WHAT THE TASK ASKS:
Pictures are to be left out; every line from the one with "Boiled Wool Blend" through the end of the data must be transcribed exactly.

DATA BLOCK:

Segment Open

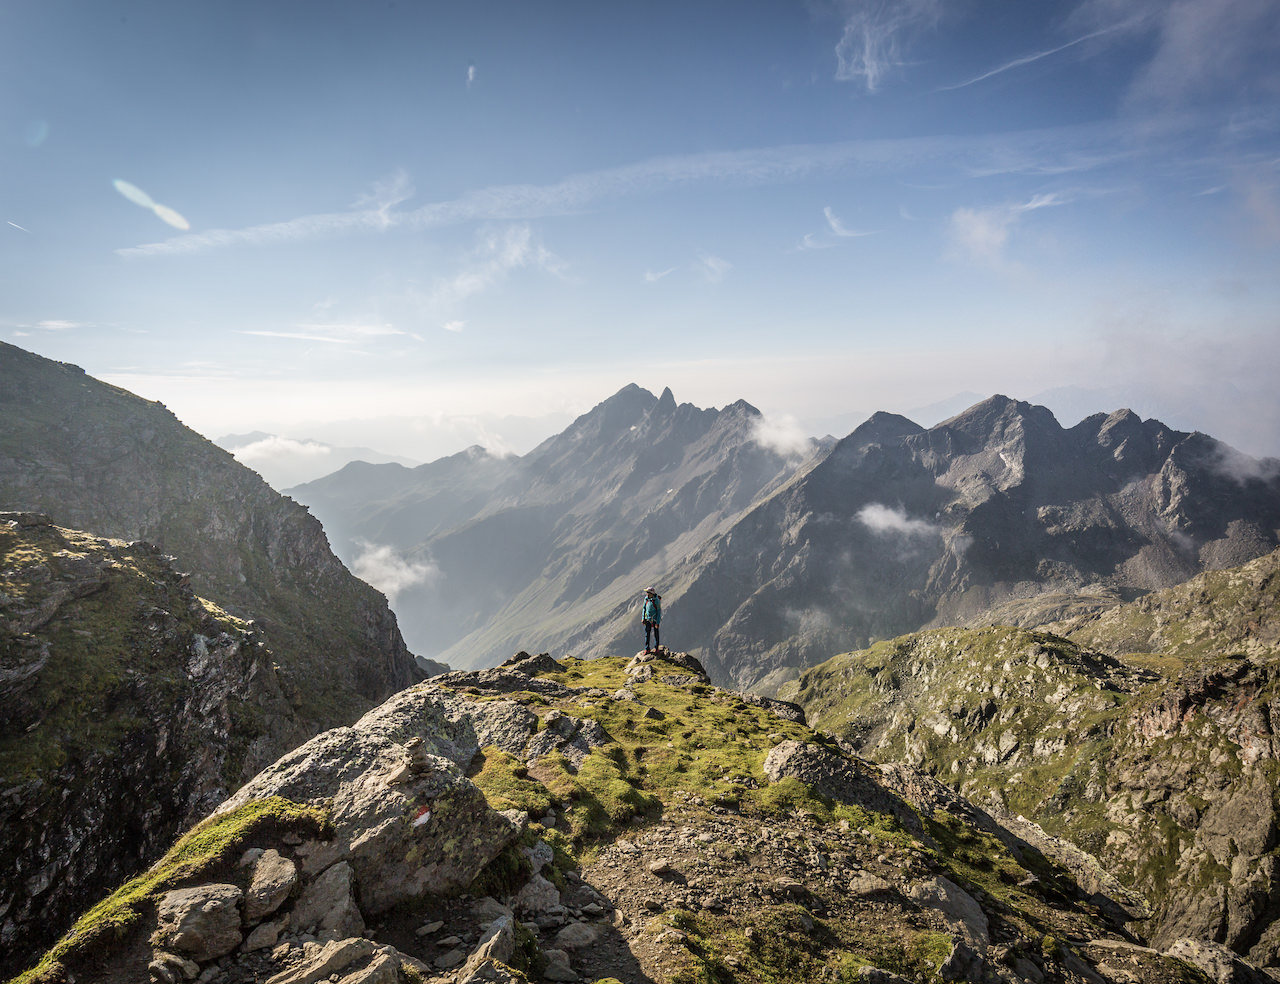 Wandern in der Schobergruppe, Nationalpark Hohe Tauern
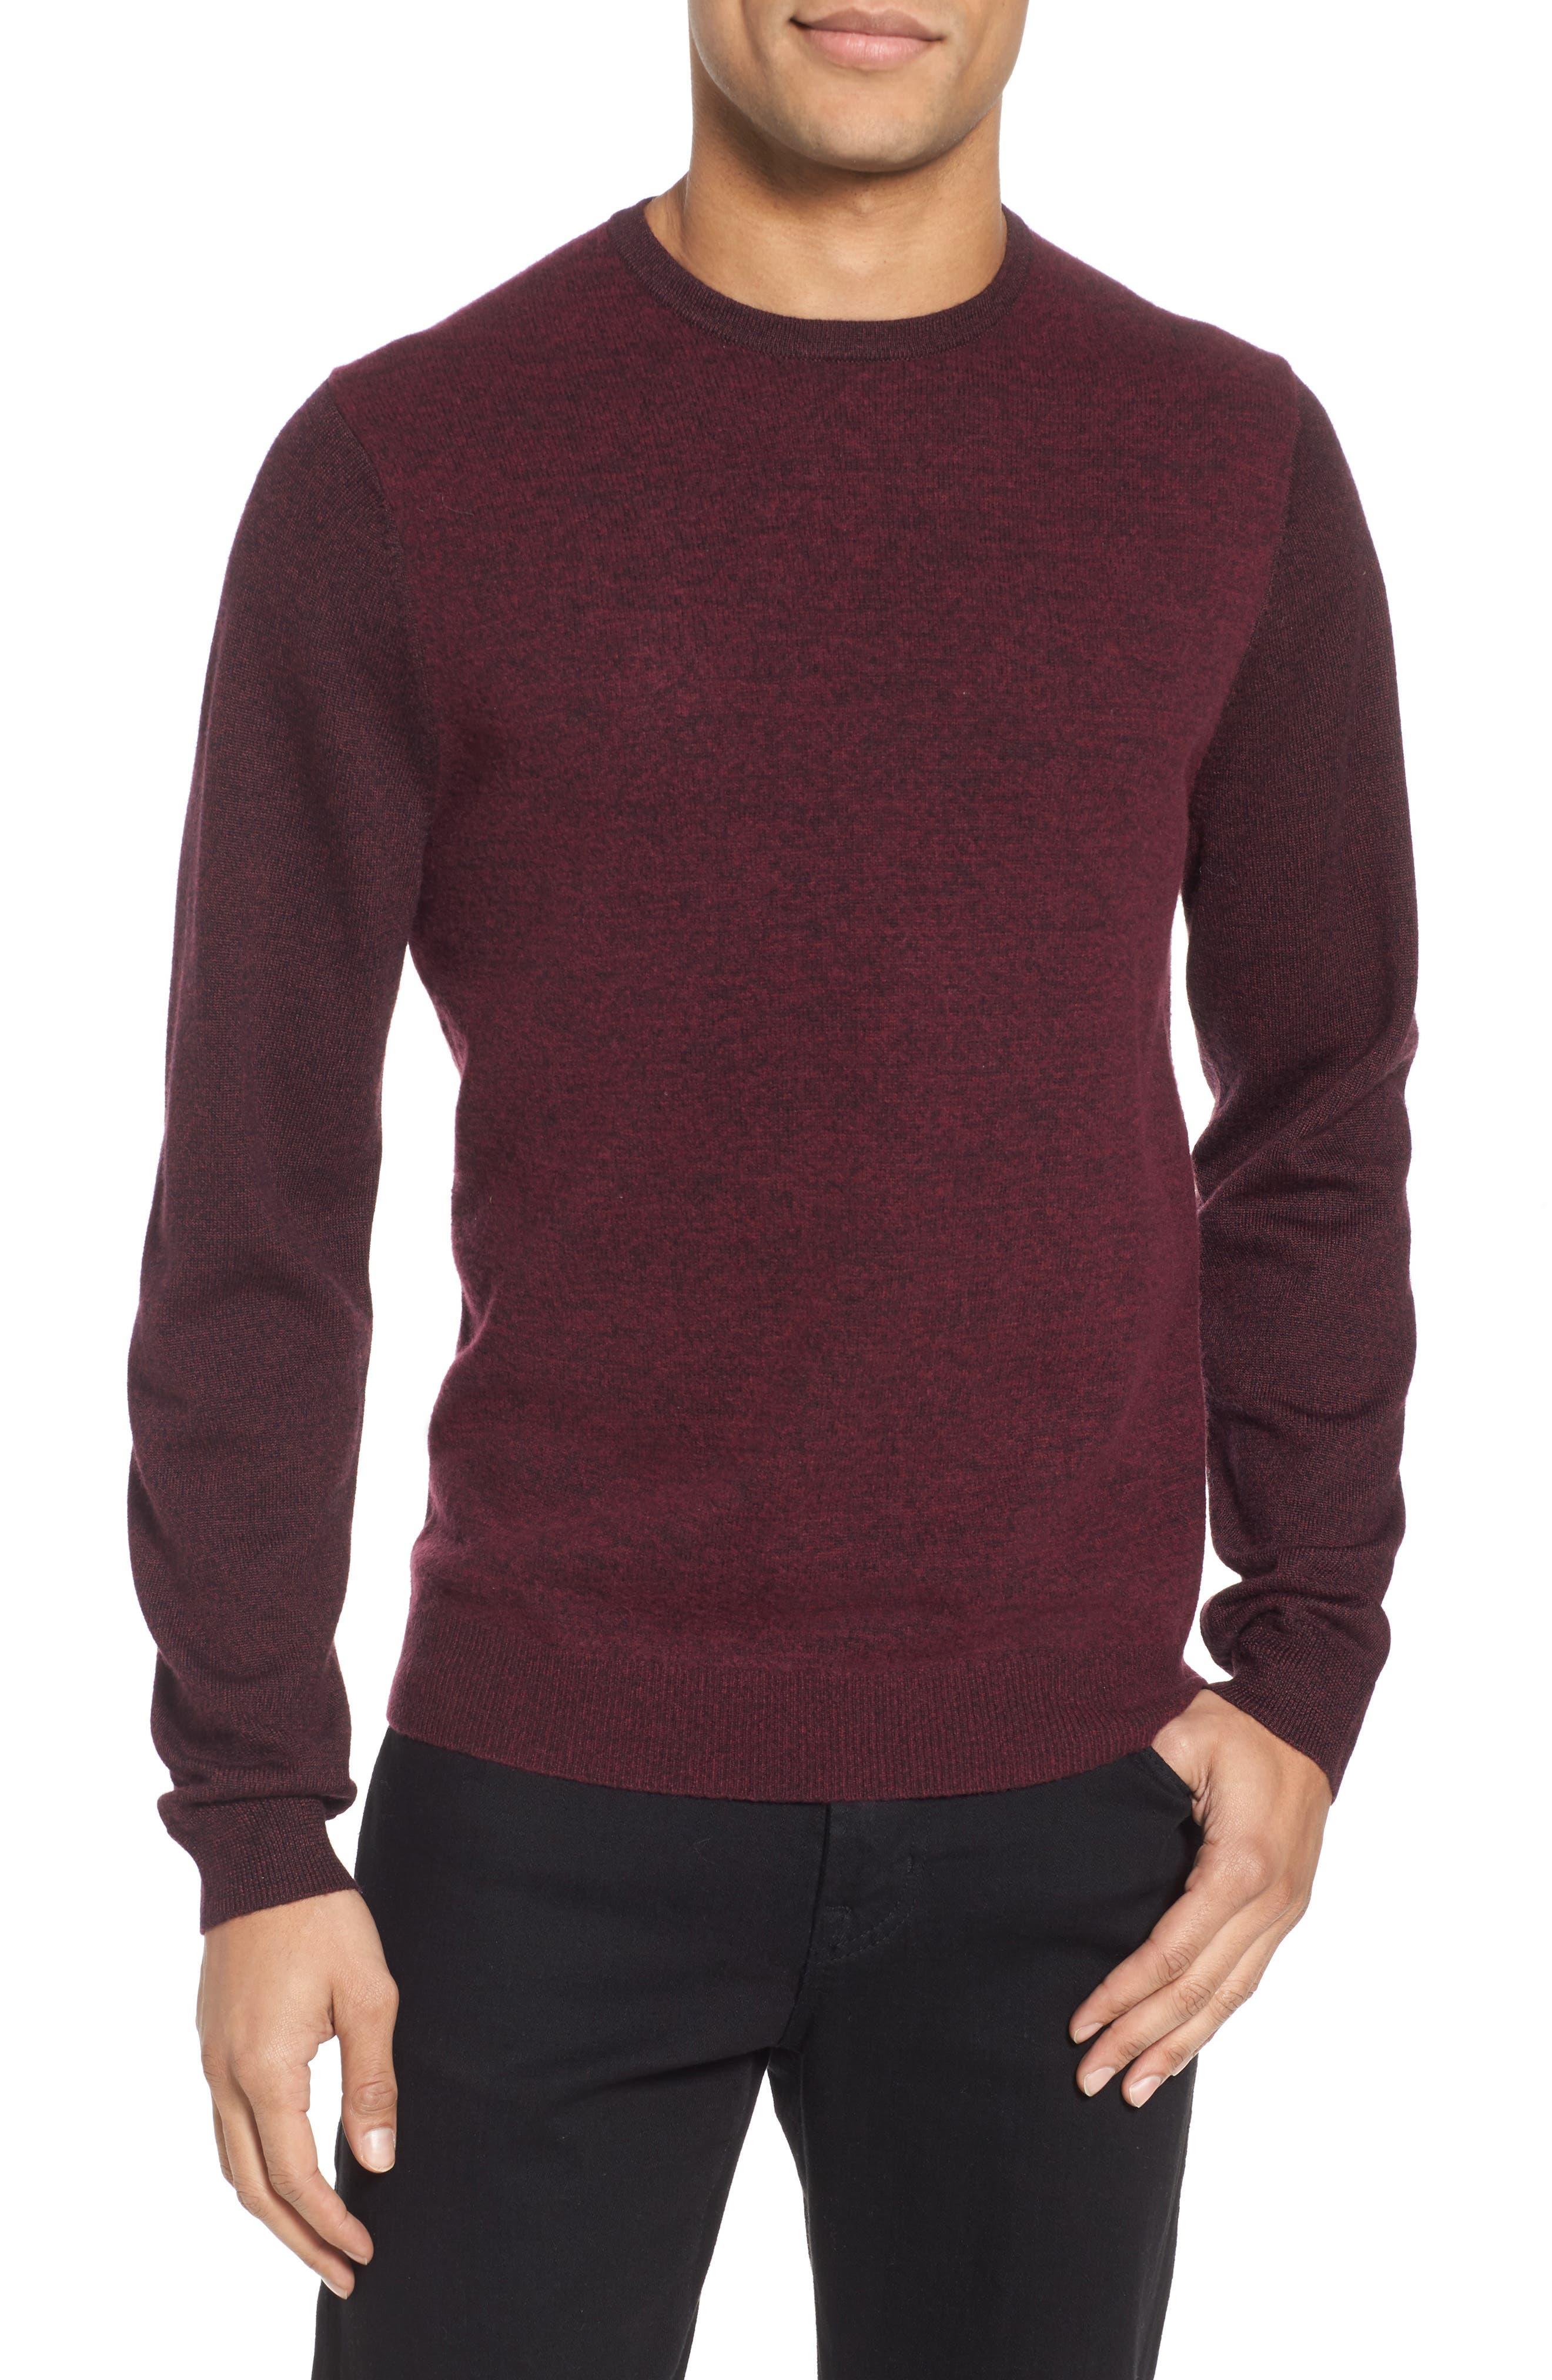 Boiled Wool Blend Crewneck Sweater,                             Main thumbnail 1, color,                             Burgundy Stem
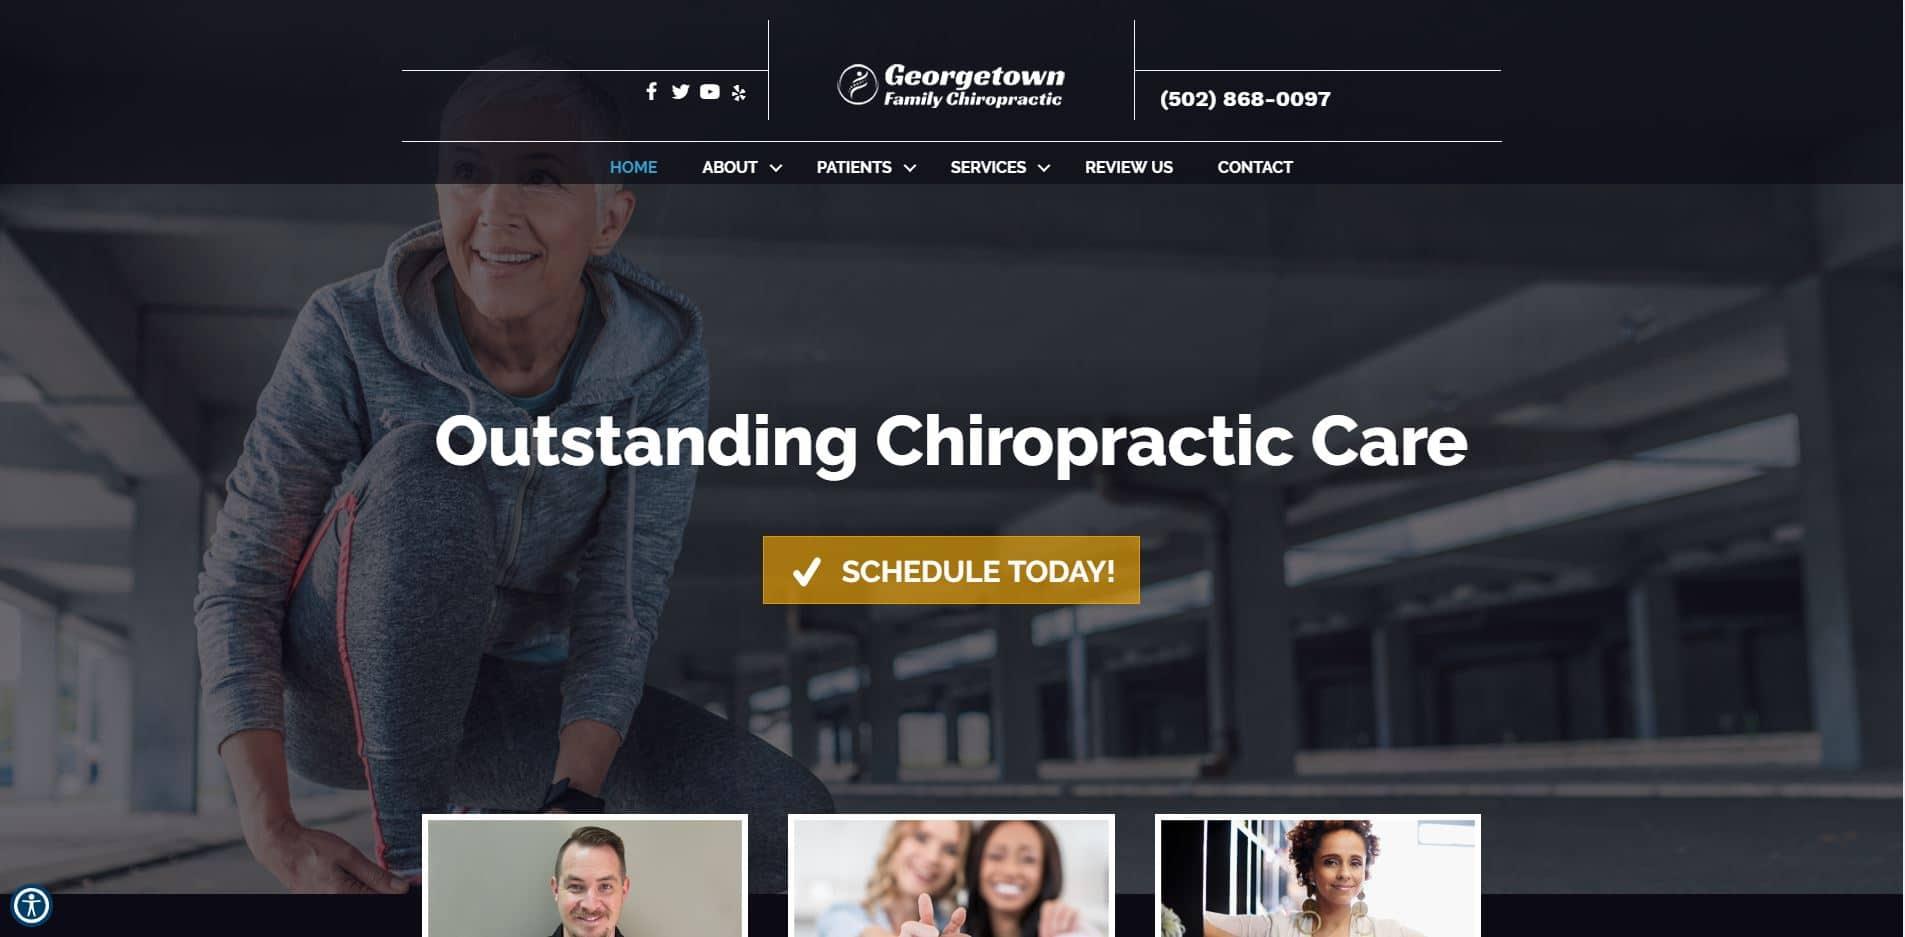 Chiropractor in Georgetown

Segment Closed

ANSWER FOR THIS EXERCISE:
 Boiled Wool Blend Crewneck Sweater,                             Main thumbnail 1, color,                             Burgundy Stem
 Chiropractor in Georgetown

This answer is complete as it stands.